Why "Working Backwards" is the One of the Best Ways to Design AI Products

Most AI projects start with a model, not a mission. A team finds a new algorithm or API and thinks, “What can we do with this?” Weeks later, there’s a working prototype—but no clear user value.

That’s why “Working Backwards”, a method popularized by Amazon, is one of the best approaches for designing AI products. It flips the process: instead of starting with technology, you start with the user.

This mindset is especially powerful in AI, where possibilities are endless and focus is scarce.

What “Working Backwards” Means

Working Backwards is a simple but disciplined approach:

  1. Start with the customer experience.

  2. Write the press release for the ideal product launch.

  3. Define the FAQs—the tough questions users, engineers, and executives will ask.

  4. Then, and only then, decide what to build.

It forces clarity: if you can’t explain the user benefit in plain language, you’re not ready to start building.

Why It Fits AI Product Management So Well

AI makes it dangerously easy to build before thinking. The models are impressive, the demos exciting—but without purpose, AI features turn into gimmicks.
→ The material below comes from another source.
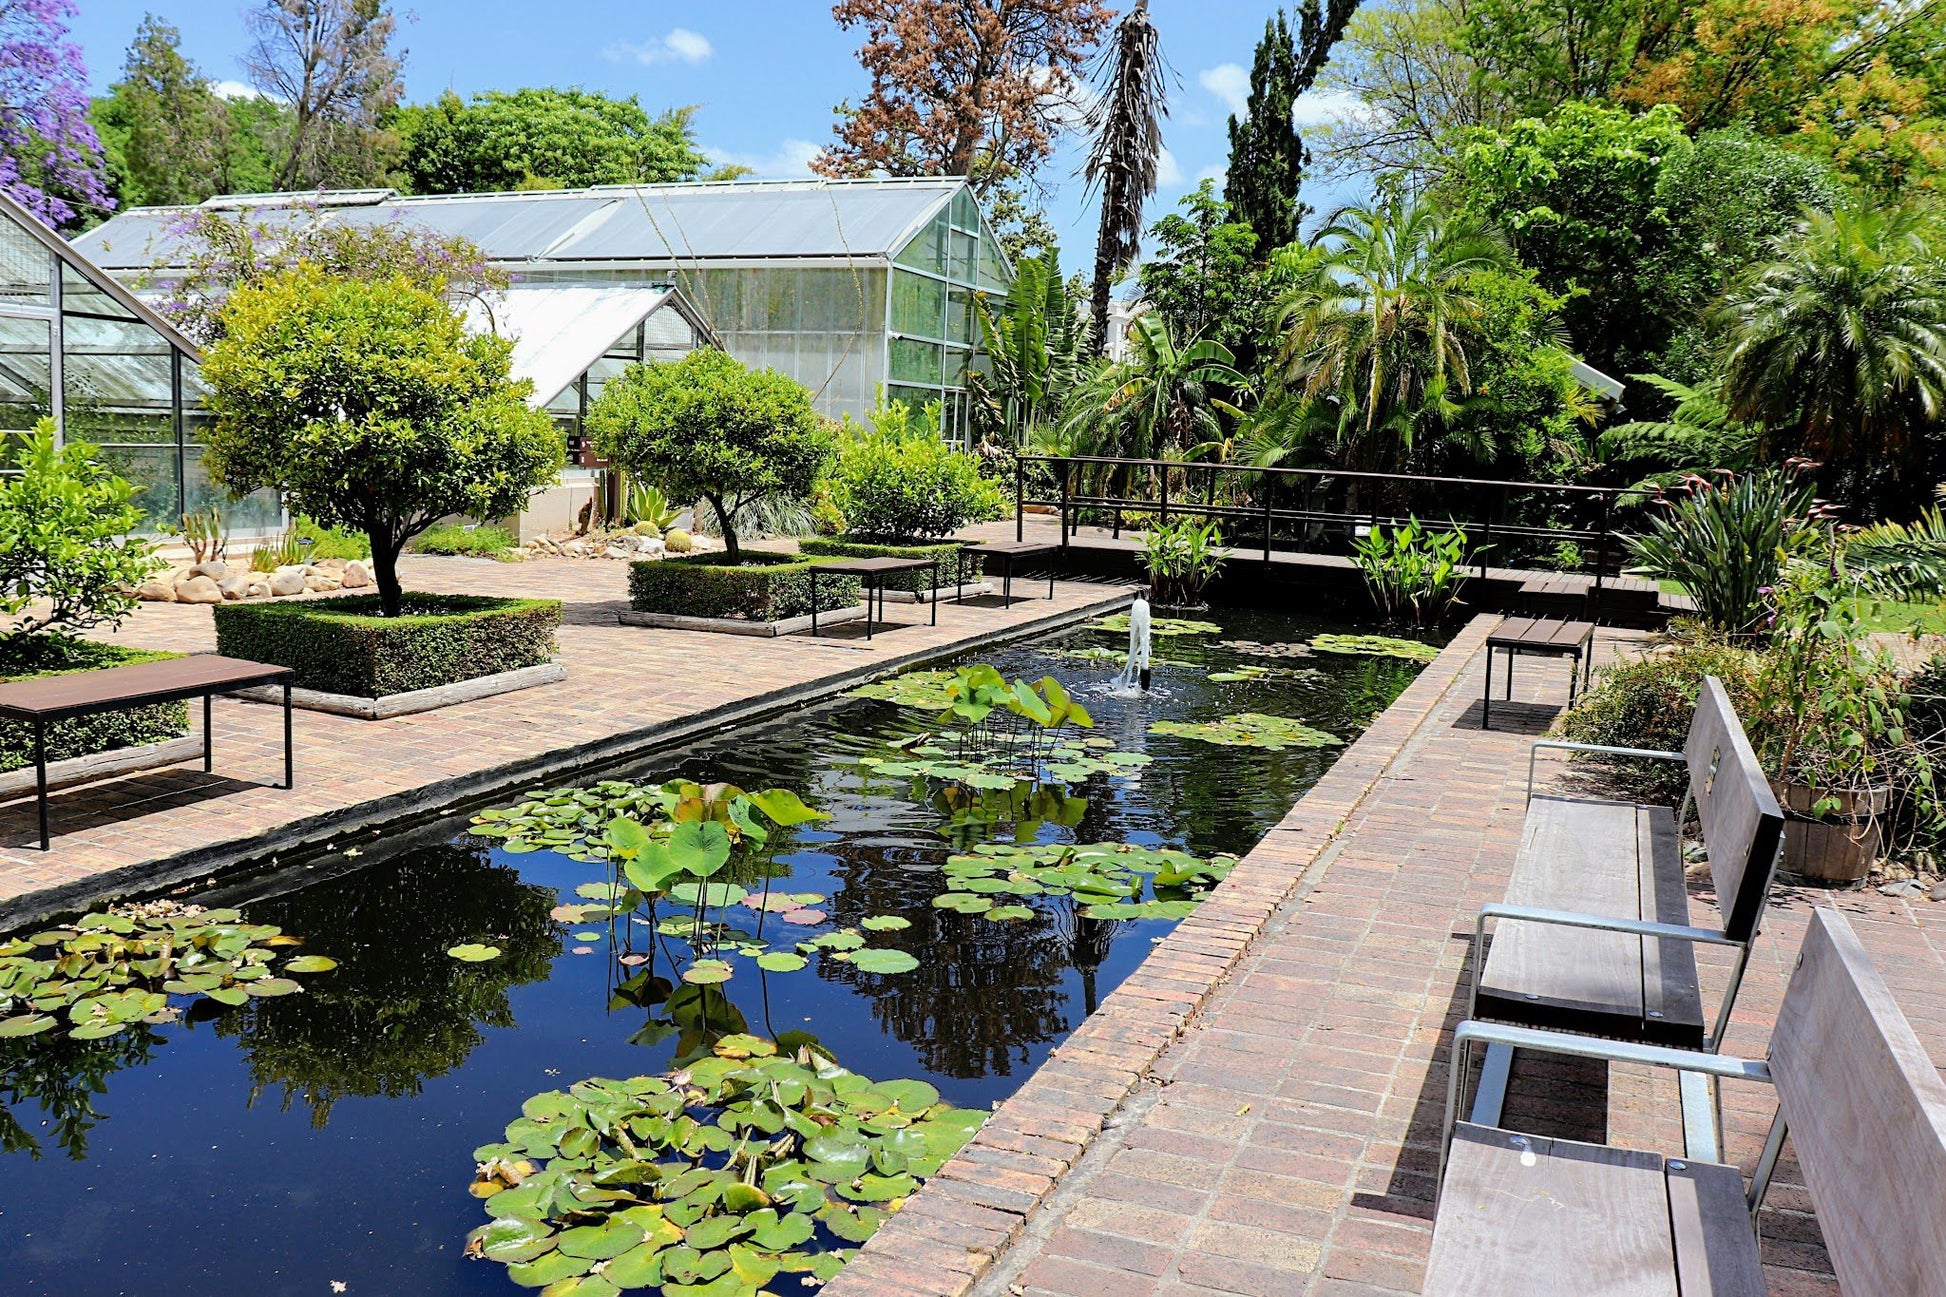  Stellenbosch University Botanical Garden

Working Backwards keeps you grounded.

It helps PMs avoid three common traps:

  • Building “because the model can,” not because the user needs it.

  • Measuring success only in accuracy, not in outcomes.

  • Forgetting ethical and trust considerations until it’s too late.

When you begin with the user and work back to the model, everything—from data to metrics—aligns with value.

The Press Release Exercise

Writing the press release (PR) is the heart of the Working Backwards method.
Imagine the product has launched successfully and you’re announcing it to the world. The PR should include:

  • The problem it solves and for whom.

  • Why it’s different from what exists today.

  • The user benefit in simple, emotional language.

  • How it works at a high level—without buzzwords.

If you can’t make it exciting, simple, and believable on paper, it probably won’t resonate in real life.

The FAQ Exercise

Once the press release is done, you write an internal FAQ—anticipating hard questions before anyone builds a thing.

  • What data do we need, and do we have it?

  • What are the risks of bias or misuse?

  • How will we measure trust and success?

  • How will the AI explain itself to users?

  • What is our fallback if the model fails?

Answering these early protects the team from surprises later. It also aligns engineers, designers, and stakeholders around what really matters.

Why It Works for AI

AI products live in uncertainty. You don’t always know if the data is sufficient, the model will perform, or users will trust it. Working Backwards gives you a way to test clarity before committing to complexity.

It’s user-first, ethical by design, and measurable from day one.

Real-World Example

Before Amazon launched Alexa, the team didn’t start with “let’s build a voice assistant.” They started with a vision statement: “It should be effortless for anyone to order something or get information just by speaking.”

That user-centered statement guided everything—from the architecture to the skills ecosystem that came later. The same principle applies to any AI product.

Final Thought

Working Backwards may sound simple, but it’s one of the most effective disciplines for AI product management. It forces clarity, accountability, and empathy—the three things AI needs most.

AI may change how products are built, but Working Backwards ensures we never forget why we build them.